The gardens of Heide are beautiful. Sunday Reed’s kitchen garden has been rehabilitated and now supplies Cafe Vue.  Her Heart Garden is now visible.

Kitchen garden adjacent to Heide I

Kitchen garden adjacent to Heide I

Entry to the Heide Galleries (I, II and III) costs $14.00 for all three.  The gardens and sculpture park are free.

[And of course, since you’re in the neighbourhood, you could visit the Heidelberg Historical Society Museum on a Sunday afternoon between 2.00 and 5.00 pm to see the Walter Burley Griffin and Marion Mahony Griffin exhibition ‘Against the Forces’.  Cost $5.00.  I’ll write more about it soon]

7 responses to “Heide Gallery in Autumn

  1. Another historical exhibition to tempt me! Will it still be on in the July school holidays?

    • residentjudge

      Yes- all of them. The Fiona Hall exhibition closes on 21 July, Collage closes on 20th October and Mike Brown on 13 October. Heidelberg Historical Society’s Griffin exhibition is on until 8th December.

      • Excellent. I’ll put it in my calendar for the 2nd week of July after I have completed all my obligatory commitments (dentist, parents, school stuff etc) in Week 1:) I’m especially keen to see the Griffin one, have you read the Grand Obsessions bio by Alasdair McGregor?
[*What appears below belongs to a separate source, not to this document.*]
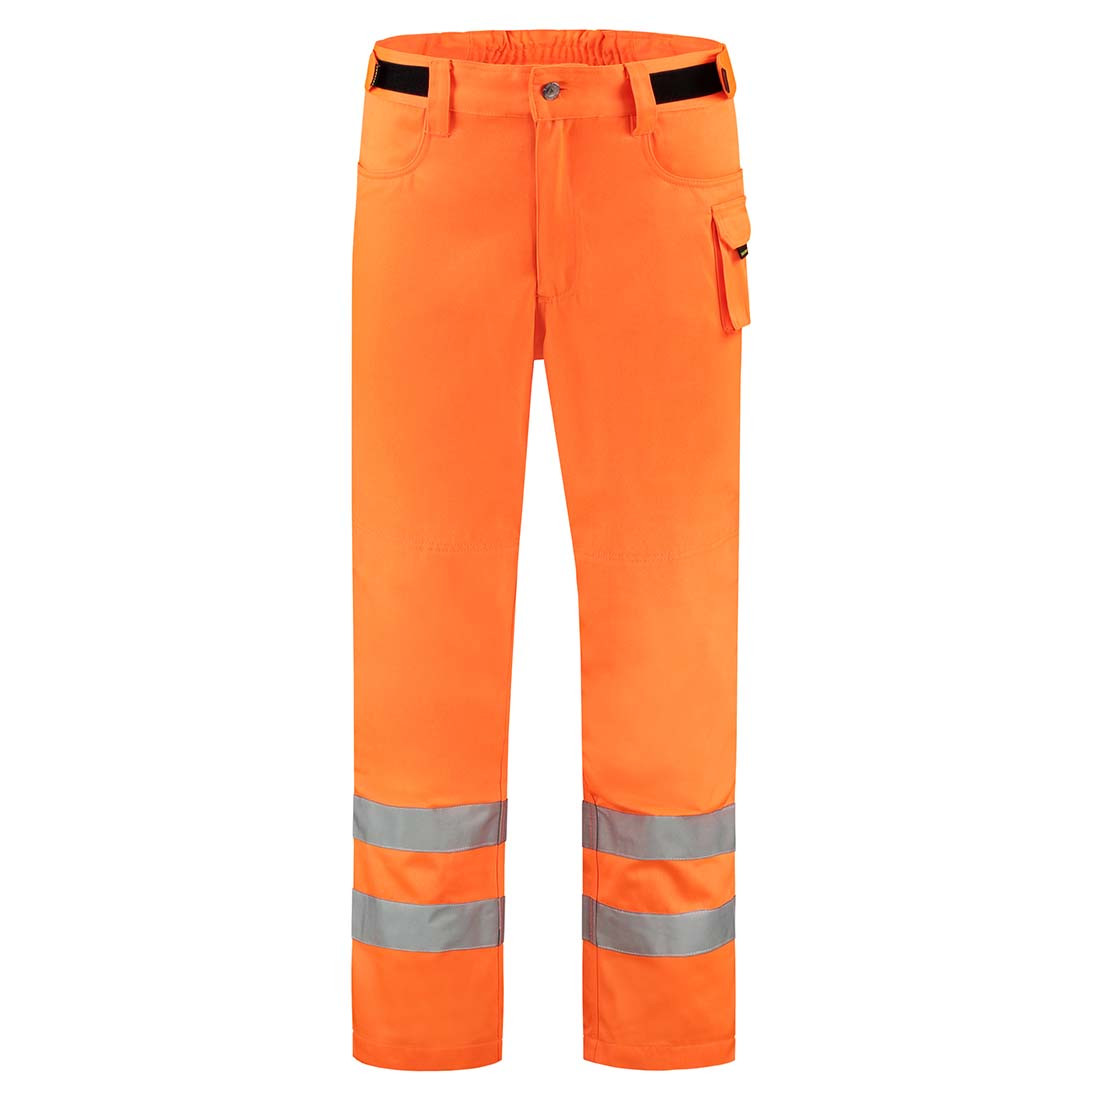 Pantalón de trabajo reflectante unisex - Ropa de protección

I was fascinated by this couple and what might have been, see http://wp.me/phTIP-31N

  2. The house was closed the last time we were there. I would have liked to see where they lived and loved and worked. Our neighbour, in the 1980s, Tucker’s sister, had some art work and correspondence of his and of course was a font of knowledge on the family history and scandal. I was young. I wish I had listened more and taken more notice.

    • residentjudge

      Yes, Heide I seems to have been closed several times. Sometimes I, too, feel like kicking my younger self when I realize that I have let opportunities go by to ask questions that have become important later on in life.

  3. artandarchitecturemainly

    I loved the role Heide played in Australian art, particularly between the wars. Albert Tucker, who you noted, was spotted by Sunday and John Reed, and Sidney Nolan, Arthur Boyd and Joy Hester were all there too. In particular I think the European emigrants found some comfort and friendship, especially Danila Vassilief and Yosl Bergner. And perhaps Noel Counihan as well. What a party!

    thanks for the link

    • residentjudge

      Thank you for the link- your Yosl Bergner posting on your blog is fantastic, and certainly adds to the way we look at Tucker and Nolan. The ‘Aboriginals in Fitzroy’ painting is particularly confronting on many levels.